列王記下25章

バビロンの王はヨヤキンに親しく語りかけ、バビロンで共にいたどの王たちよりも高い地位を与えた。ヨヤキンは獄中の衣を脱ぎ、その生涯を通して、常に王の前で食事を共にした。(28~29)

 バビロンに捕らえ移されたヨヤキンの後、王位を継いだのは、ヨヤキンのおじのゼデキヤでした。そしてこのゼデキヤの時代にバビロンの王ネブカドネツァルがエルサレムを取り囲み、ついに陥落させます。エレミヤ書を読むと、この時代のエルサレムの様子がよく分かります。エレミヤはゼデキヤ王に、この国は主に対する背きのために滅びることが定められているのだから、バビロンに降伏するようにと主の言葉を告げたのですが、イスラエルの民は最後まで主に背き続けました。

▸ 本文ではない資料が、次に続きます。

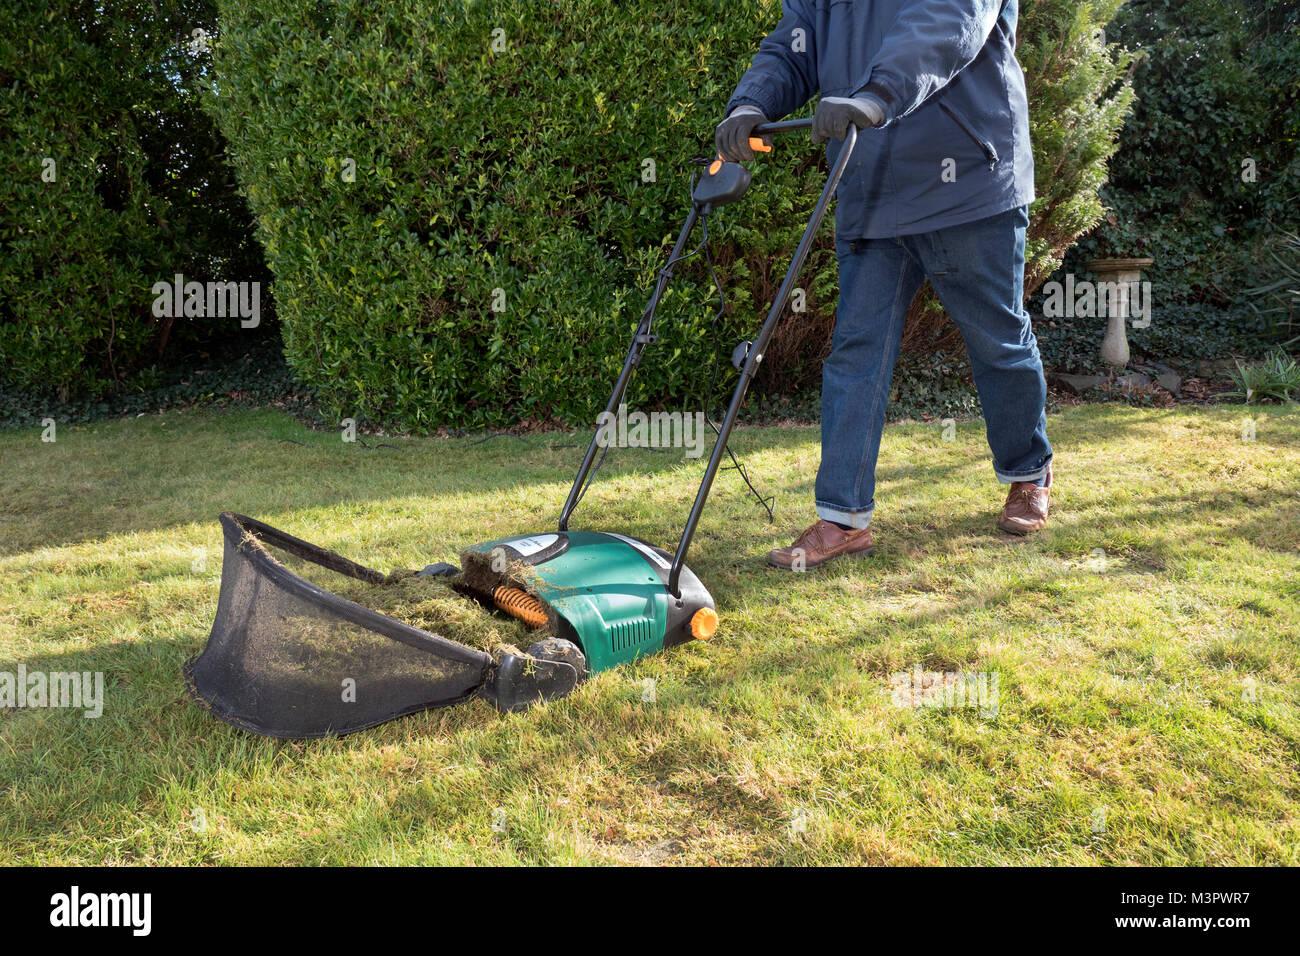 Gardener using an electric garden lawn raker. - Stock Image

 ついにエルサレムは陥落し、神殿も城壁も徹底的に破壊され、主だった民はバビロンに捕囚の民として捕らえ移されました。しかし、この列王記は非常に悲惨な状況、エルサレムの滅びで終わりません。すでにバビロンに捕らえ移されたヨヤキンがバビロンで解放され、高い地位を与えられて、王の食卓に加えられたことが記されます。滅びの向こうに主の慰めと回復を暗示しながらこの書は閉じられていくのです。